When my DD (now 5) was a baby, me & Dh were not in a good place. We had ups and downs but mostly downs and argued quite a bit. I fell pregnant with her sibling in Dec 2019 and caught covid a few weeks later & had hyperemisis, all while moving house. I hadn’t slept for days and was so so unwell. I was dilerious from lack of sleep and constantly being sick.
in the middle of the night got in a huge row with DH and stormed out the house, I was delusional. I was so mentally unwell and honestly think it was a breakdown.

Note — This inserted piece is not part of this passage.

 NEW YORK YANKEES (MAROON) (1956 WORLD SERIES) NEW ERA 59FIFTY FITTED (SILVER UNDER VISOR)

DD was woken and came with me and DH followed saying I wasn’t thinking straight. We ended up all in the car and I drove to my parents house. I was so upset and of course so was DD. It was horrible. She was saying on the way how our arguing upset her, she was only 3. This pains me to type out.

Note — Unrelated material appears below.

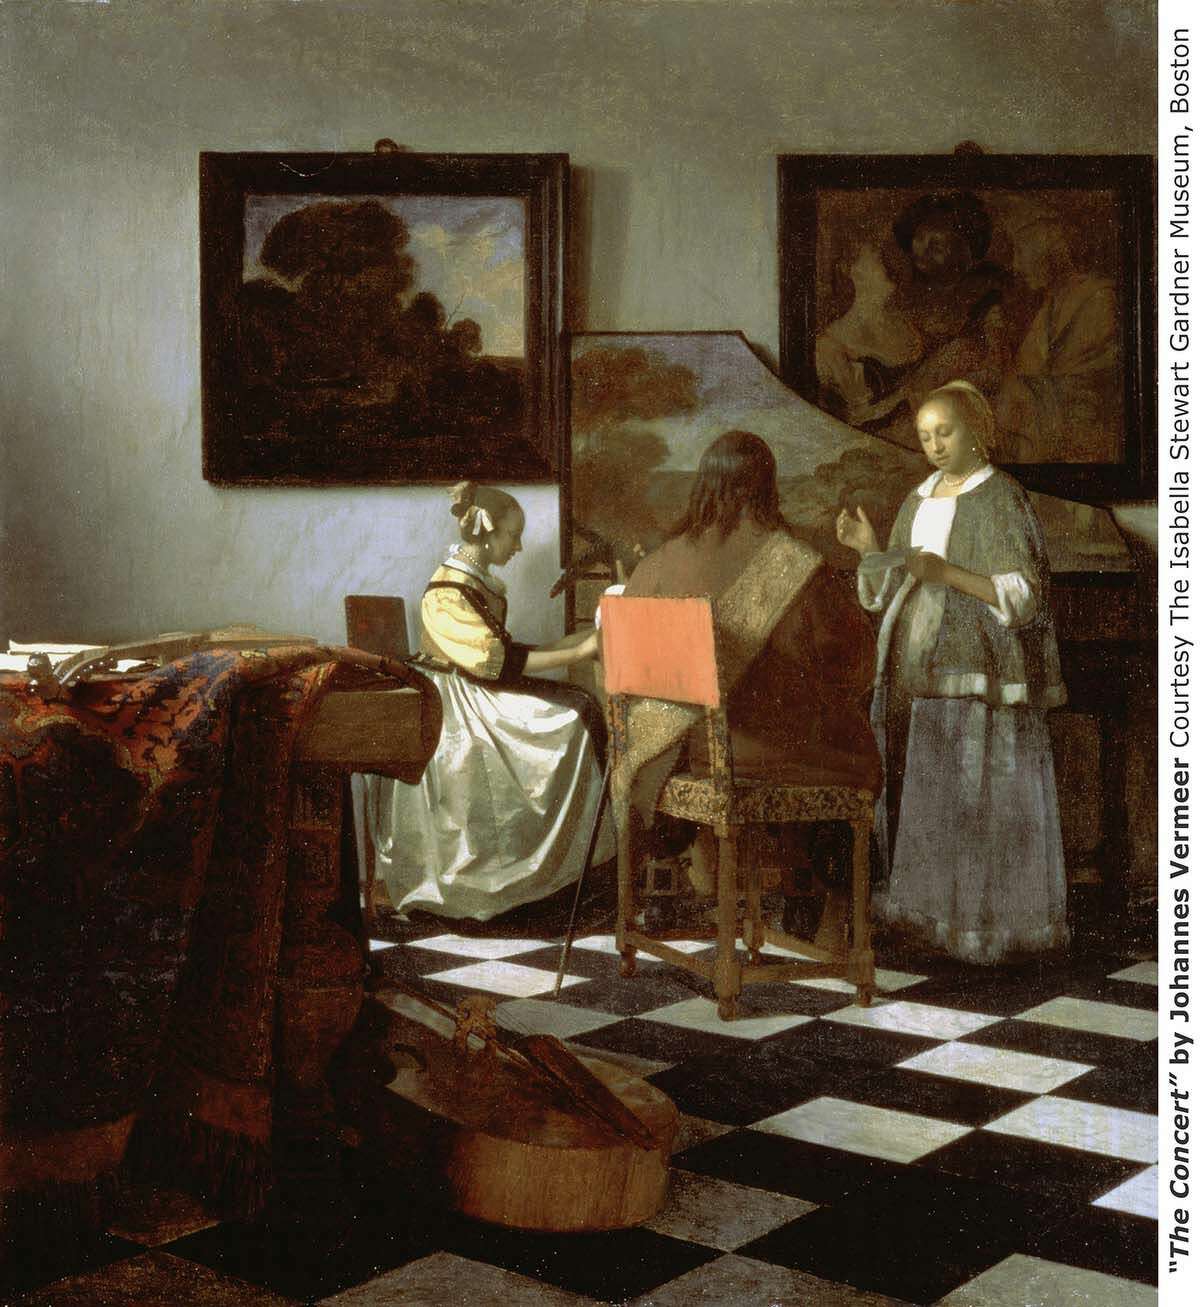 Johannes Vermeer’s painting The Concert was the most valuable piece of art stolen from the Isabella Stewart Gardner Museum in 1990.

Since then we’ve gone to therapy and worked on ourselves in other ways and we now have a very healthy relationship and really never argue.
I feel so guilty that my DD had to witness this all, she had an otherwise happy life (spent lots of time with grandparents and 1:1 with me where we had lots of happy times)
I feel terrible, like I’ve damaged her. She still talks about that night and how it scared her. I try to explain that I wasn’t well and it shouldn’t have happened etc
I also feel bad that our relationship was so rocky in her toddler years, although we also had happy times.
im not really sure why I’m posting this, I just feel so guilty.